Making The Palate Wider Fast: Rapid Palatal Expansion (RPE)
Rapid palatal expansion (RPE) is the most common way to widen an upper jaw in kids and early adolescents. The device is placed against the roof of your mouth and you turn a screw twice each day to gradually push it wider. Each turn is tiny—just one quarter millimeter—but added up, the jaw widens about 2-3 millimeters per week. This means visible widening happens relatively quickly, often within just a few weeks.
This approach actually opens the suture—that's the line down the middle of the roof of your mouth where your bones join. In kids with flexible bones, this opening creates real skeletal expansion. The whole jaw gets wider, not just the teeth. After about a week of turning the screw, the patient wears the device without turning it to let bone fill in the space. This bone-filling period is critical because it stabilizes the expansion and makes the widening permanent.

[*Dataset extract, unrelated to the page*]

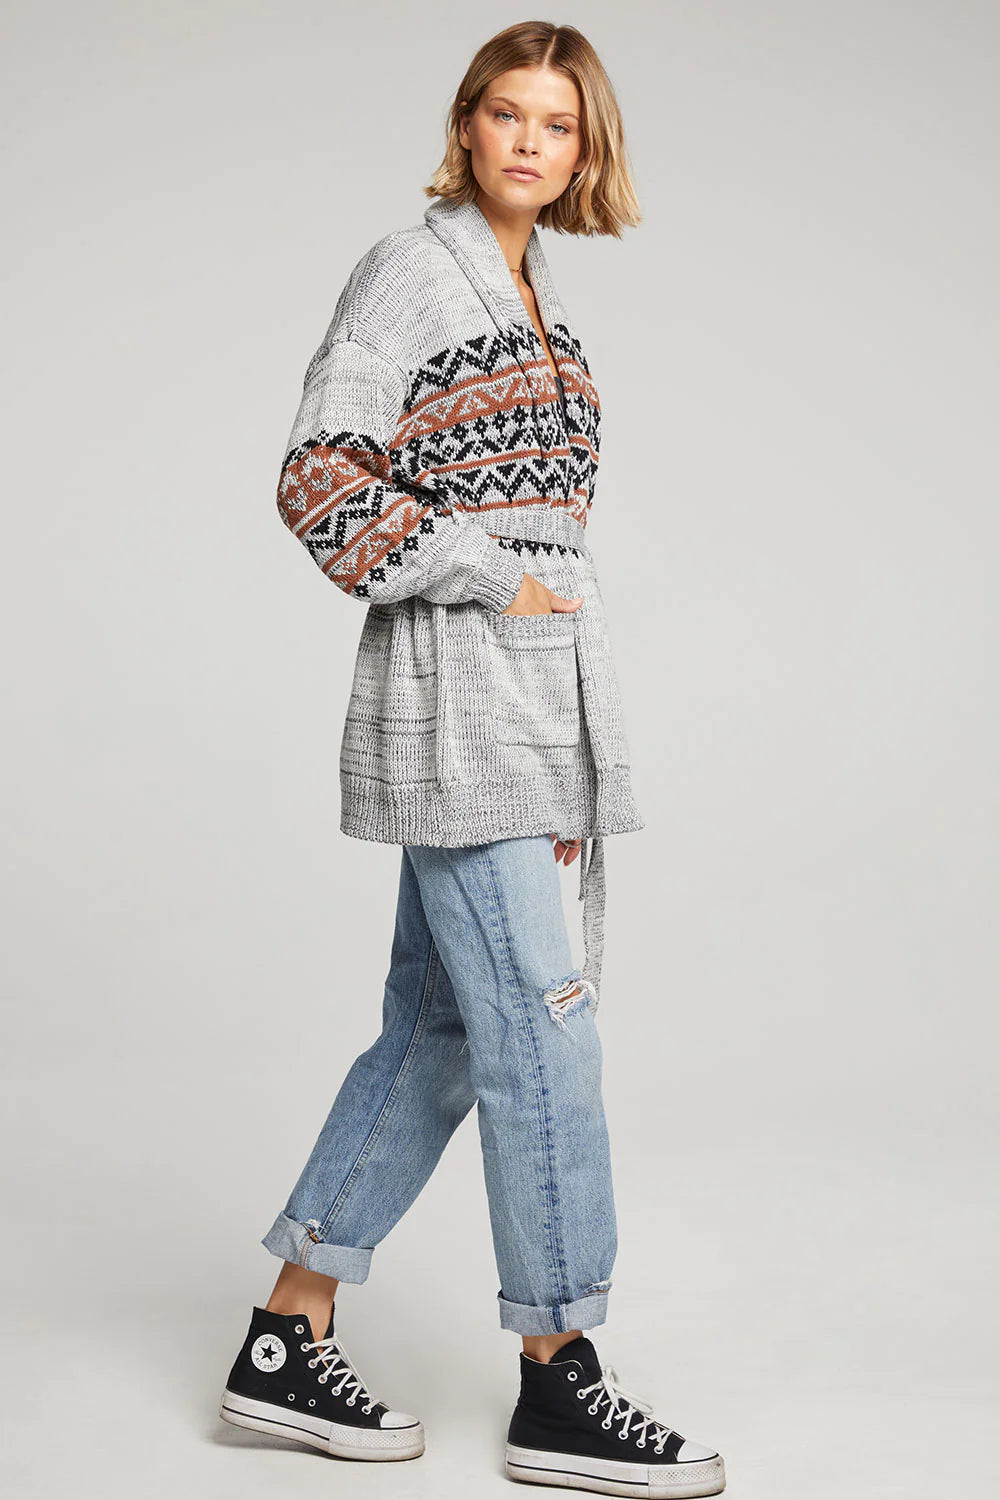 Lyssie Sweater

You might feel slight pressure or discomfort during expansion, particularly right after activating the screw. Some people experience a clicking sound in the area where the palate meets the nose—this is completely normal and indicates that the suture is opening as intended. Speech might sound slightly different for the first week or two as your tongue adjusts to the new space.
Age Changes How Expansion Works
Here's something really important: how your jaw responds to expansion depends on your age. In young kids with very flexible bones, about half of the expansion is real bone expansion and half is just teeth tipping outward. By teenage years, it's more like 30% real bone expansion and 70% teeth tipping. By the time you're an adult, your bones barely expand at all—mostly just the teeth move, which can cause problems like tipping and relapse.
So age matters tremendously. A 10-year-old and a 17-year-old respond completely differently to the same expansion appliance. This is why early intervention—ideally between ages 8-13—is most effective for expansion. If you've missed this window and you're older, don't worry—there are still options, but they may require additional treatment.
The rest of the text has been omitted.